> What you should do: All lines of the material should be given again exactly.

> Input:

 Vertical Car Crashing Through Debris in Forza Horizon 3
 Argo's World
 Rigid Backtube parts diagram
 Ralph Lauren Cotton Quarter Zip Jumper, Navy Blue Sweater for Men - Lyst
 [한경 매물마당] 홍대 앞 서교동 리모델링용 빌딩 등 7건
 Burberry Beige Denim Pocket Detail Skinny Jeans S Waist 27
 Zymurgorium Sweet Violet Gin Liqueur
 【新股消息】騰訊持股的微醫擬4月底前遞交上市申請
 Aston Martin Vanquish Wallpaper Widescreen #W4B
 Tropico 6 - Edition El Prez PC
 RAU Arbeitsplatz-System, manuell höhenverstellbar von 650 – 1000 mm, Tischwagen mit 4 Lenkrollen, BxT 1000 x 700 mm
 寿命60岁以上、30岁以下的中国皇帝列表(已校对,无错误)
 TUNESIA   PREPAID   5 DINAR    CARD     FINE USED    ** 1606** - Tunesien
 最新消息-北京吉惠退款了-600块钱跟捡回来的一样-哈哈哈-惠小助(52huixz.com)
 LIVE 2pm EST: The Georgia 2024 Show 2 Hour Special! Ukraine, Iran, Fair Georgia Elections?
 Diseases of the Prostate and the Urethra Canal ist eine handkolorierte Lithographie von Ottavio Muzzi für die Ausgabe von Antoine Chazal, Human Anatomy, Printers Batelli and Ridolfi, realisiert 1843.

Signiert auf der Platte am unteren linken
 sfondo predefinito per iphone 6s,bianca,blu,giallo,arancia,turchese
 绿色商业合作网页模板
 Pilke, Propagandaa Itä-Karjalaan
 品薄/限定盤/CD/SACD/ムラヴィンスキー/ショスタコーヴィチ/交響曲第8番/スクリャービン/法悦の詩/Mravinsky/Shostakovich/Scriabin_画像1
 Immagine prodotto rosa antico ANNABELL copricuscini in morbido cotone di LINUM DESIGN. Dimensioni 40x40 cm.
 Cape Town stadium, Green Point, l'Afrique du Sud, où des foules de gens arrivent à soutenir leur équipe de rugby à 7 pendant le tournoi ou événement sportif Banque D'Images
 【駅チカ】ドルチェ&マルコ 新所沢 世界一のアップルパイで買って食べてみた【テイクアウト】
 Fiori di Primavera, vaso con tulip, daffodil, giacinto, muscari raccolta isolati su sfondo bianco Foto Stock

> Completed task:
 Vertical Car Crashing Through Debris in Forza Horizon 3
 Argo's World
 Rigid Backtube parts diagram
 Ralph Lauren Cotton Quarter Zip Jumper, Navy Blue Sweater for Men - Lyst
 [한경 매물마당] 홍대 앞 서교동 리모델링용 빌딩 등 7건
 Burberry Beige Denim Pocket Detail Skinny Jeans S Waist 27
 Zymurgorium Sweet Violet Gin Liqueur
 【新股消息】騰訊持股的微醫擬4月底前遞交上市申請
 Aston Martin Vanquish Wallpaper Widescreen #W4B
 Tropico 6 - Edition El Prez PC
 RAU Arbeitsplatz-System, manuell höhenverstellbar von 650 – 1000 mm, Tischwagen mit 4 Lenkrollen, BxT 1000 x 700 mm
 寿命60岁以上、30岁以下的中国皇帝列表(已校对,无错误)
 TUNESIA   PREPAID   5 DINAR    CARD     FINE USED    ** 1606** - Tunesien
 最新消息-北京吉惠退款了-600块钱跟捡回来的一样-哈哈哈-惠小助(52huixz.com)
 LIVE 2pm EST: The Georgia 2024 Show 2 Hour Special! Ukraine, Iran, Fair Georgia Elections?
 Diseases of the Prostate and the Urethra Canal ist eine handkolorierte Lithographie von Ottavio Muzzi für die Ausgabe von Antoine Chazal, Human Anatomy, Printers Batelli and Ridolfi, realisiert 1843.

Signiert auf der Platte am unteren linken
 sfondo predefinito per iphone 6s,bianca,blu,giallo,arancia,turchese
 绿色商业合作网页模板
 Pilke, Propagandaa Itä-Karjalaan
 品薄/限定盤/CD/SACD/ムラヴィンスキー/ショスタコーヴィチ/交響曲第8番/スクリャービン/法悦の詩/Mravinsky/Shostakovich/Scriabin_画像1
 Immagine prodotto rosa antico ANNABELL copricuscini in morbido cotone di LINUM DESIGN. Dimensioni 40x40 cm.
 Cape Town stadium, Green Point, l'Afrique du Sud, où des foules de gens arrivent à soutenir leur équipe de rugby à 7 pendant le tournoi ou événement sportif Banque D'Images
 【駅チカ】ドルチェ&マルコ 新所沢 世界一のアップルパイで買って食べてみた【テイクアウト】
 Fiori di Primavera, vaso con tulip, daffodil, giacinto, muscari raccolta isolati su sfondo bianco Foto Stock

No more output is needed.